We started out doing 3 hr watches, and we still do while around busy shipping areas (windward passage, panama canal, gulf stream). We were becalmed with a dead motor of the Pacific coast of Guatemala and El Salvador. After a few nights with the few ships we encountered spotting us and us being out of their lanes we just both decided to sleep in the cockpit. We didn't use radar or AIS.

In reality the closest encounters we have had are with whales; one surfaced 20 ft in front of us one evening just a dusk. Not much you can do about whales and stray containers in the dark. So our policy now is if we are well offshore we just go to sleep, or sit inside and read or watch shows during the day.

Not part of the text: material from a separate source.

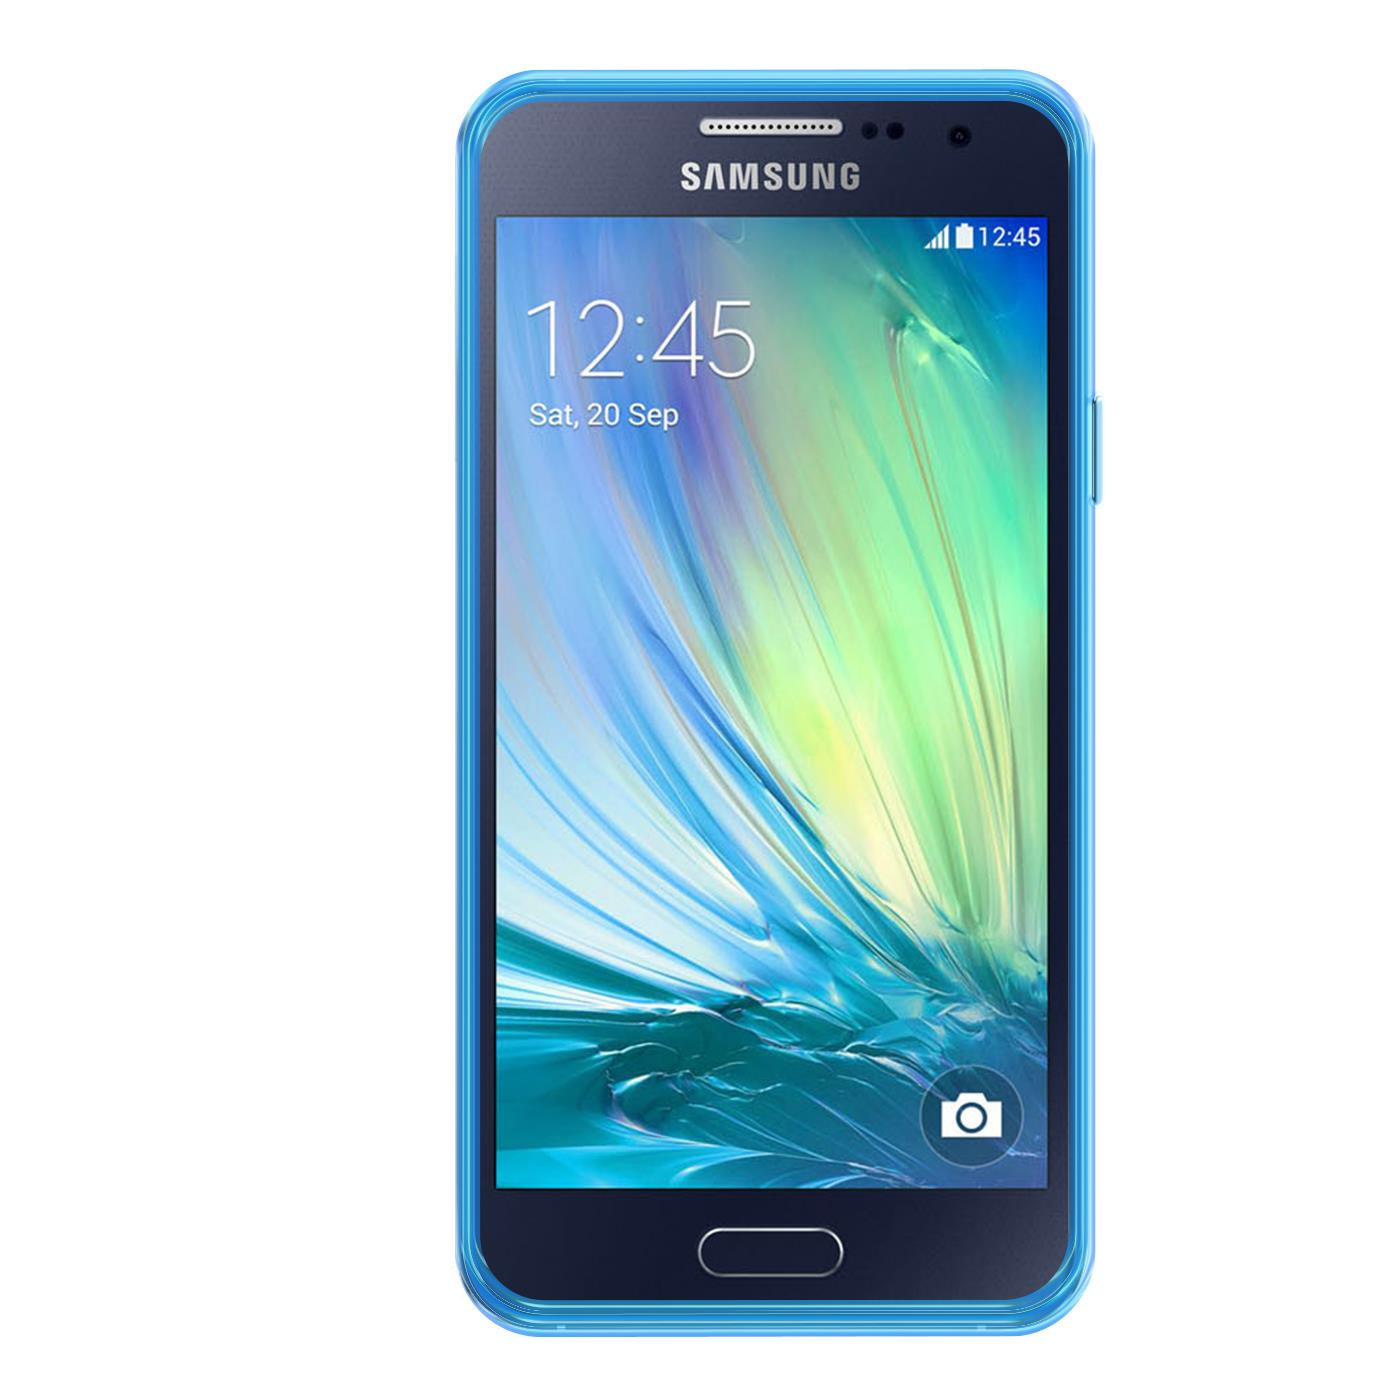 Samsung-Galaxy-A3-2015-Thin-Silicone-Clear-Case-Cover-Ultra-Slim-Shockproof-Gel Indexbild 7

We keep good lights on, even our anchor light. Fish boats outside of north America are plenty and don't have AIS. After many many nights of being on a watch schedule and not getting responses from frieghters, or really ever being very close to them we chose to sleep. After 4 or 5 days at sea, a good sleep makes life much better. If we are in busy shipping lanes we keep a more vigilant watch, but so do the ships.

We have friends who were boarded by the USCG in the Caribbean, they were asleep (in the cockpit) and woke up to a lot of lights shining on them. I think the USCG is more worried about drugs, guns, and people trafficking than sailboats without a proper watch.

Life's a dream, live it!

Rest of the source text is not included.